# RYC - atv only weekend Jan 19 & 20



## JPs300 (Mar 23, 2011)

Anyone else thinking about going? - We're thinkng about taking advantage of the $35 entry fee & enjoying being able to go everywhere w/o worrying about any big buggies or trucks.


----------



## jrpro130 (May 10, 2009)

We were thinking about it, but I have an off duty detail sat, so don't think I'll make this one. I really wanted to, but if I get off we might hit devils


----------



## JPs300 (Mar 23, 2011)

I still want to try DGMC, but I keep hearing that it's basically just open flat ground with a couple big holes. Heard lots of people say you get a good spot going for the wheelers and a big truck or buggy rolls through & then it's just dealing with their ruts. 

Gotta have some trails & separated areas to make it enjoyable for more than a few hours.


----------



## JPs300 (Mar 23, 2011)

Think we're gonna hit this up, probably just myself & my buddy with the XMR; sans wives. 

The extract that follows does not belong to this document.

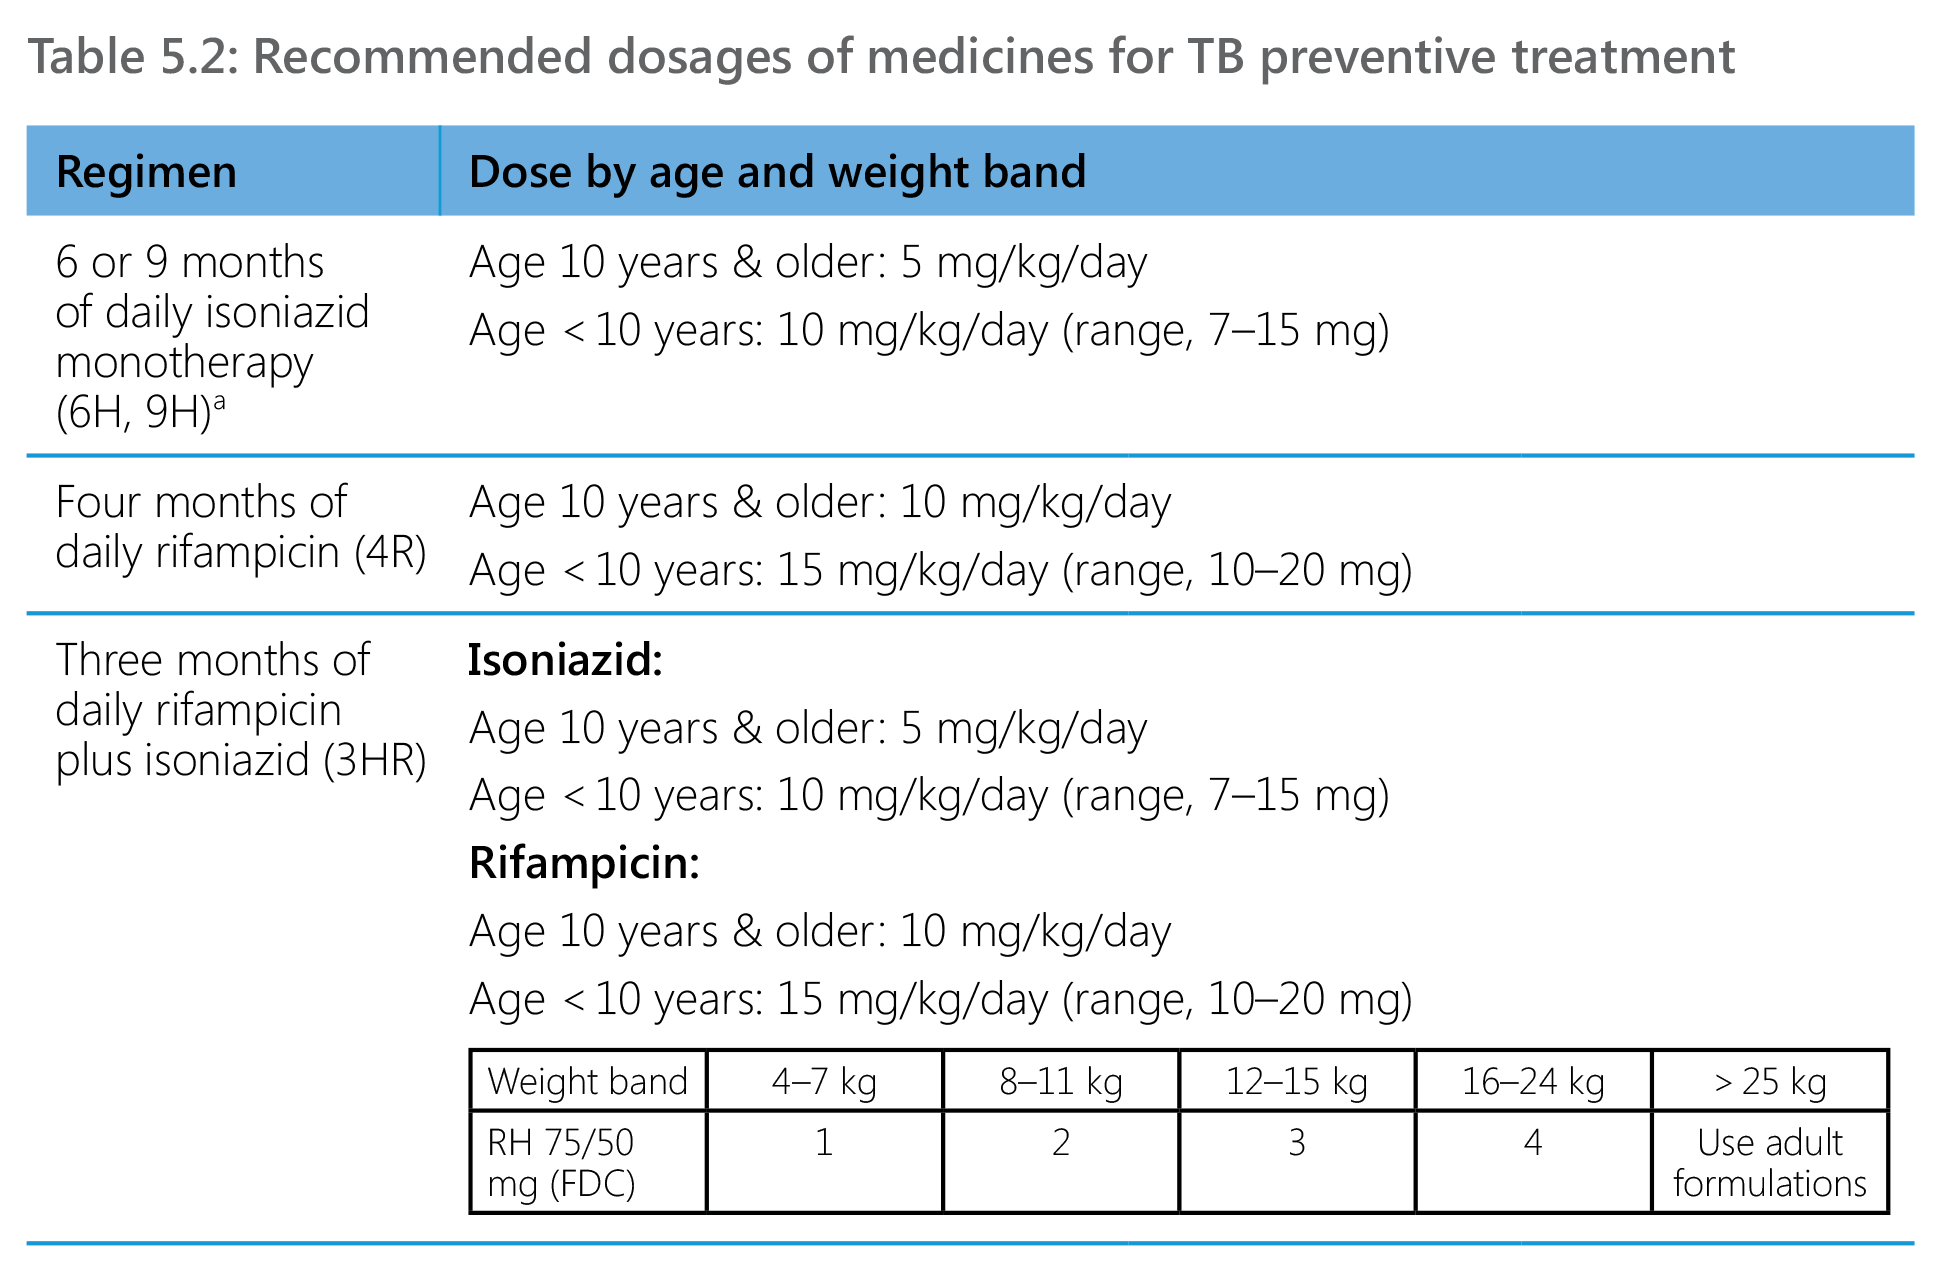 dosages of medicines for TB

We may even enter the race.


----------



## jrpro130 (May 10, 2009)

MAN I want to go, still trying to see if I can get off work and give away my detail but it's doubtful.


----------



## jrpro130 (May 10, 2009)

Ok you twisted my arm. We are going! Just the guys. 

I got the front ds in it was super easy. 3 bolts out and tip the diff slides right in...well kinda! But she's good to go. 31s are on and I'm ready to rip it up!


Should be wrenching instead of using TapaTalk


----------



## JPs300 (Mar 23, 2011)

SWEET! - We're rolling 'just the guys" as well, thinking of getting in the race Sat.


----------



## jrpro130 (May 10, 2009)

The race is SUPER tempting, but the last thing i need is to beat on this bike...I promised myself I wouldn't! If it wasn't lifted I might have a better chance with how the track conditions are


----------



## jrpro130 (May 10, 2009)

Anyone else going?


Should be wrenching instead of using TapaTalk


----------



## JPs300 (Mar 23, 2011)

Short wheel base + 6" lift would likely make it difficult for you, assuming they're not likley to make it overly nasty since the trucks/buggies aren't running.


----------



## jrpro130 (May 10, 2009)

WOW do I have a little problem...QSC primary cracked in half on the engine side, pics to come i'm rushing around trying to overnight this and get it by friday


----------



## JPs300 (Mar 23, 2011)

wow - interesting......


----------



## jrpro130 (May 10, 2009)

Should be wrenching instead of using TapaTalk


----------



## lilbigtonka (Dec 30, 2008)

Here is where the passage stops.